If the deviation is 0, then K2 = 1.0 (full marks). Station A stabilizes at 10.00MW with an average deviation of 0. K2 = 1.0. Station B stabilizes at an average output of around 9.8MW with an average deviation of 0.2MW. K2 = 1 – (0.2/10) = 1 – 0.02 = 0.98. Station A achieves full marks for accuracy, while Station B loses 0.02 points due to insufficient accuracy.
Step 3: Calculate the response accuracy K3 (compared to “endurance and sense of direction”). This is the most complex and easiest to lose points on. It assesses two aspects: the correctness of the adjustment direction. Since the command requires an increase in output, your output curve must always increase positively without any reverse fluctuations. If the command is “+10MW”, but you discharge to +10MW first and then charge back down to +8MW, this is called “reverse regulation” and will result in a severe deduction of points.
The accuracy of power contribution is the ratio of the actual regulated power provided (area under the curve) to the theoretically required regulated power provided during the command’s duration. Higher accuracy results in a higher score.
K3 is a comprehensive score, requiring your output curve to be not only fast and accurate but also stable, perfectly matching the command like a smooth straight line.
Station A stabilizes at 10.00MW from 0.1 seconds onwards, with a perfect straight line and no reverse fluctuations, indicating 100% accurate power contribution. K3 ≈ 1.0.
Station B may experience two situations leading to point deductions: a slight overshoot or oscillation during the rise from 0MW to 9.8MW (e.g., initially reaching 10.2MW and then falling back to 9.8MW); or failure to maintain stability after stabilization, with slight fluctuations around 9.8MW. These will be considered poor regulation quality. Assume K3 = 0.95.
The final K-value calculation and result comparison are as follows: Station A’s comprehensive K-value K_A = K1 × K2 × K3 × proportional coefficient = 1.0 × 1.0 × 1.0 × 5 = 5.0. In the market, the product result is usually magnified (e.g., multiplied by 5) to make the K-value range between 0 and 5. Station A achieved a theoretically perfect score or near-perfect score.
Station B’s comprehensive K-value K_B = 1.0 × 0.98 × 0.95 × 5 = 4.655. Even though Station B’s response is 0.5 seconds faster, its K-value is significantly lower than the perfect Station A simply because of a 0.2MW difference in accuracy and minor fluctuations in the adjustment process. The K-value is not simply about “fast” or “accurate,” but a 360-degree quantitative assessment of adjustment quality without any blind spots.
For energy storage power station projects, optimizing the BMS balancing strategy, PCS control algorithm, and EMS command parsing aims to make each response infinitely close to the perfect curve of “instantaneous, accurate, and smooth”, so as to obtain the highest “performance bonus” with the highest K value in the fierce market competition.

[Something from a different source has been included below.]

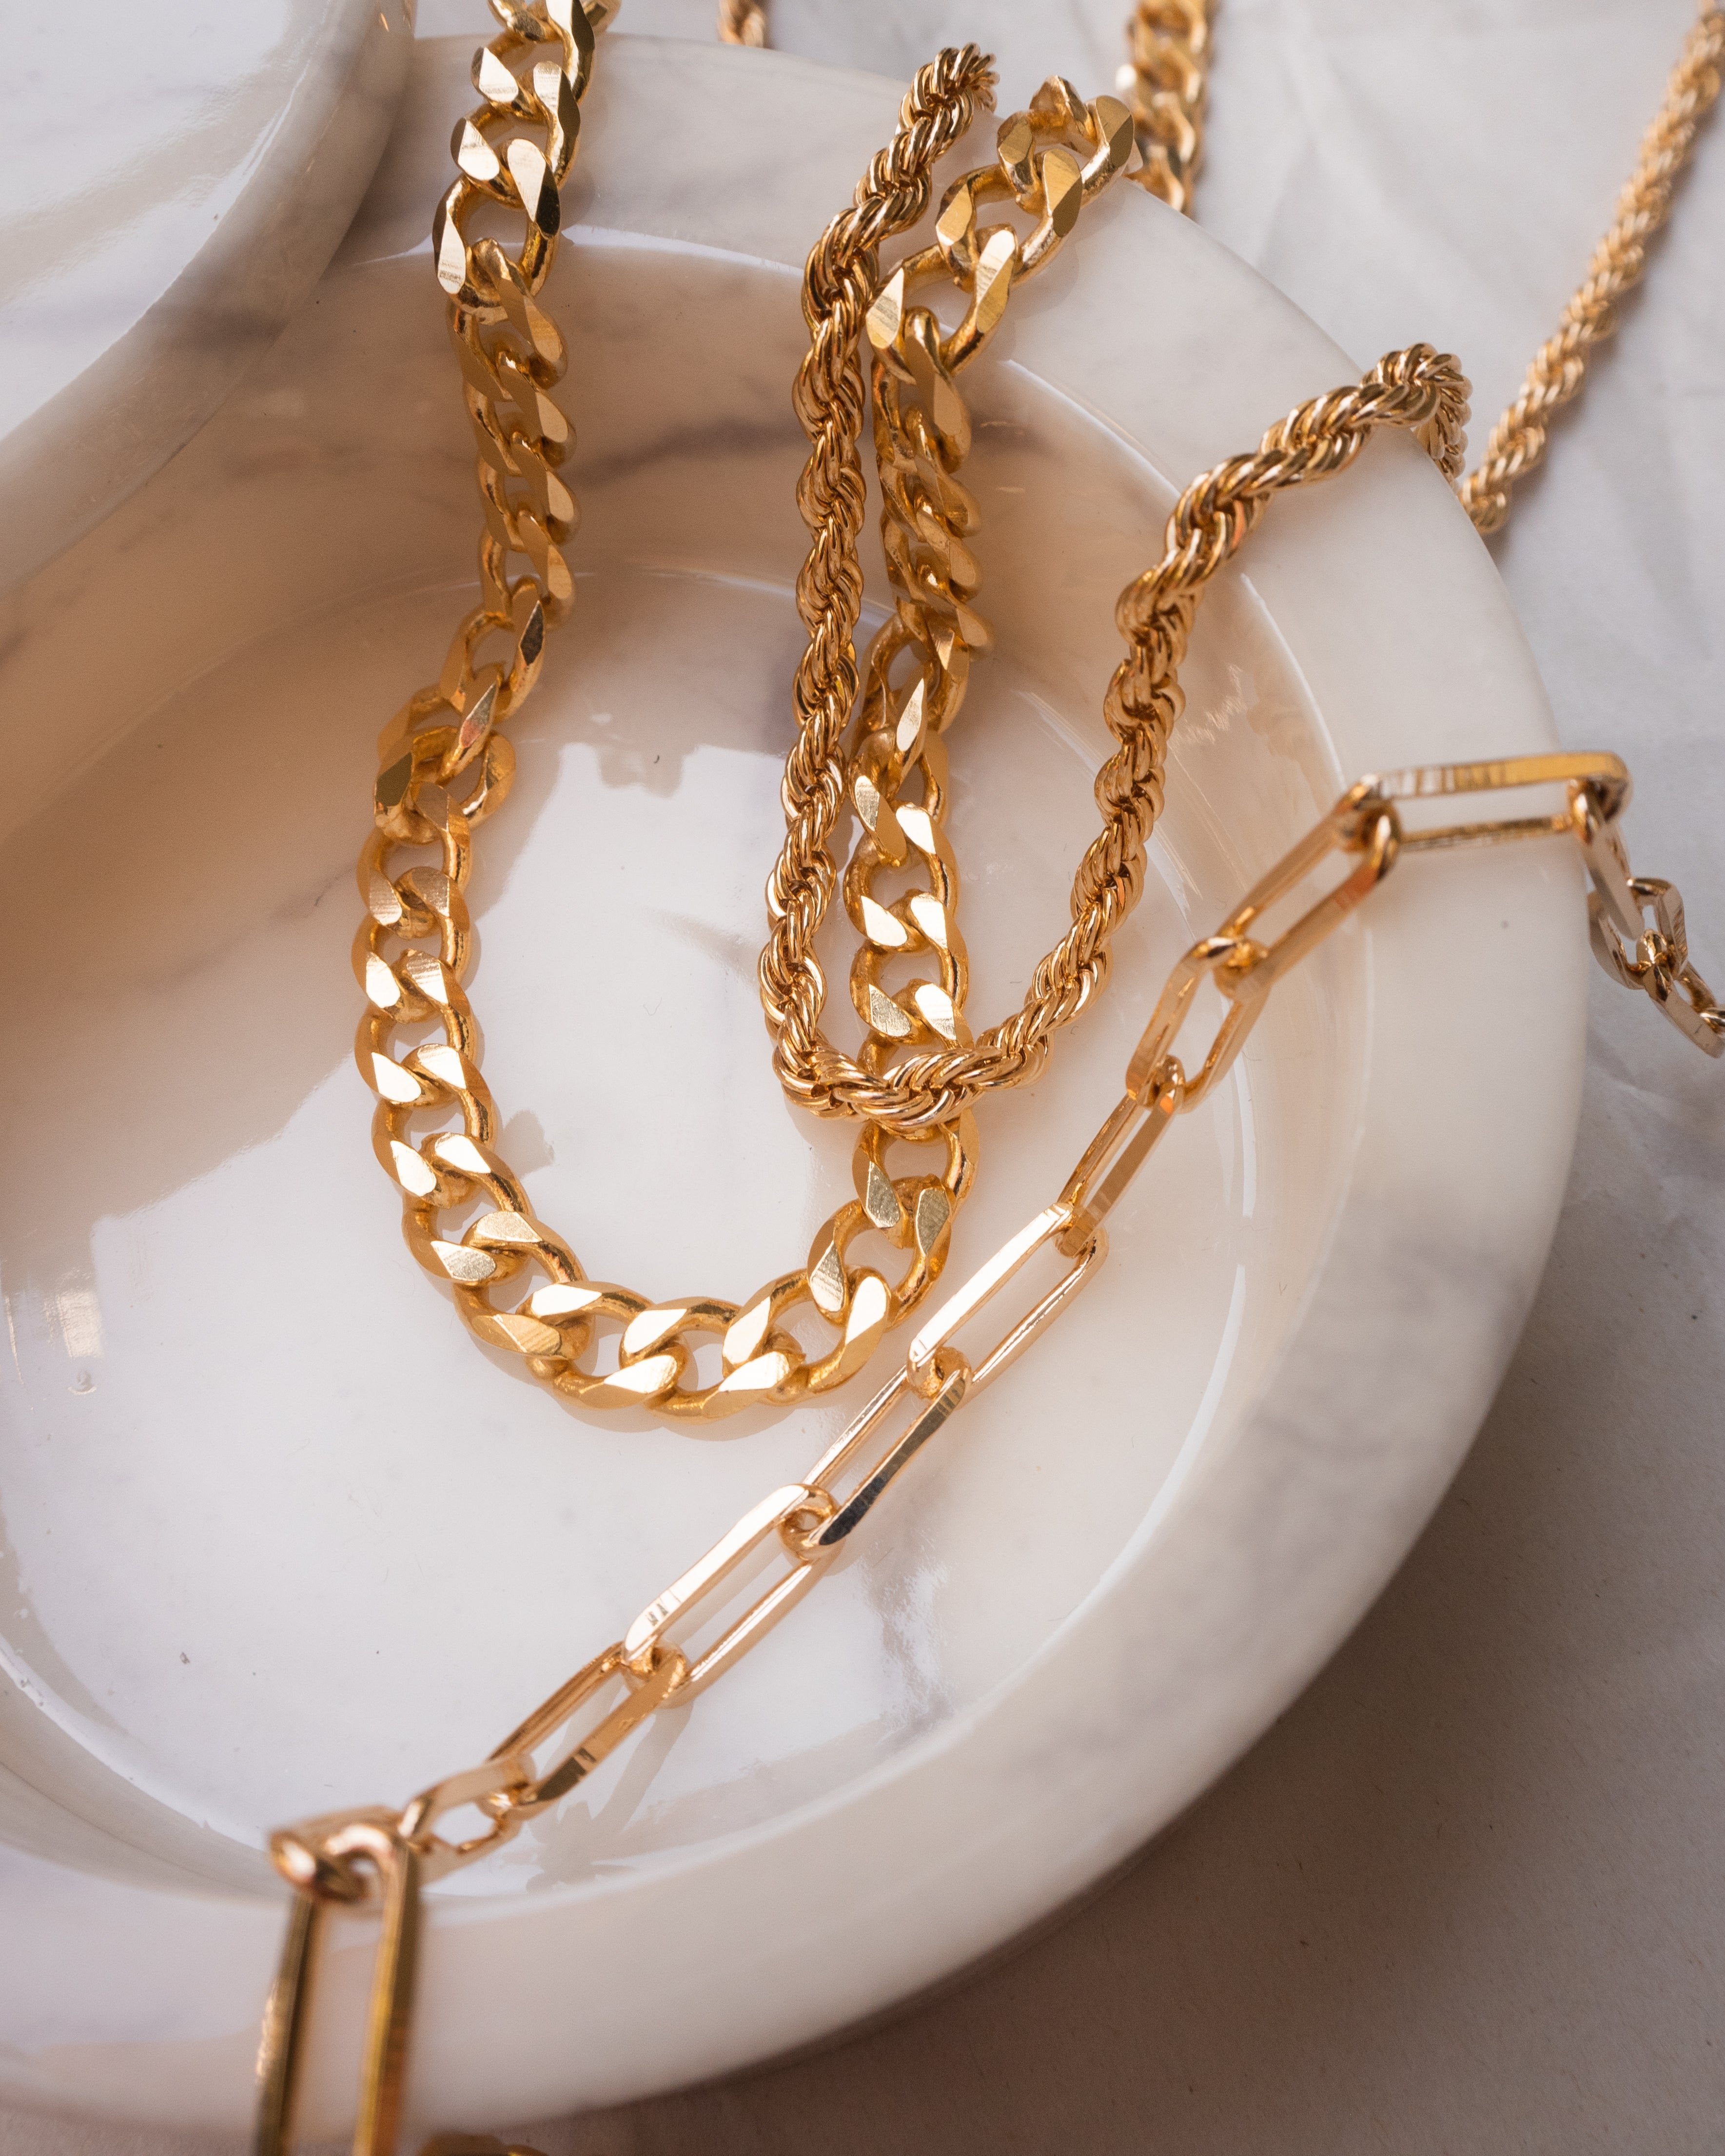 paperclip chain, paperclip necklace, chunky necklace, statement chain, statement necklace, chunky chain, layering chain, layering necklace, statement jewelry, layering chain, gold chain, dainty chain, dainty necklace, gold filled necklace, gold chain

In fact, the profitability of independent energy storage power stations extends beyond frequency regulation and capacity compensation; it has evolved into a diversified “revenue mix.”
The core profit models primarily include: Participating in the electricity spot market to profit from peak-valley price differences through “buying low and selling high”—this is the most promising fundamental source of income;
Providing various power ancillary services such as ramping and reactive power support;
Leasing energy storage capacity to renewable energy power stations to meet their allocation and storage requirements, thereby obtaining stable rental income;
Responding to grid demand-side management by discharging during peak electricity demand and receiving compensation.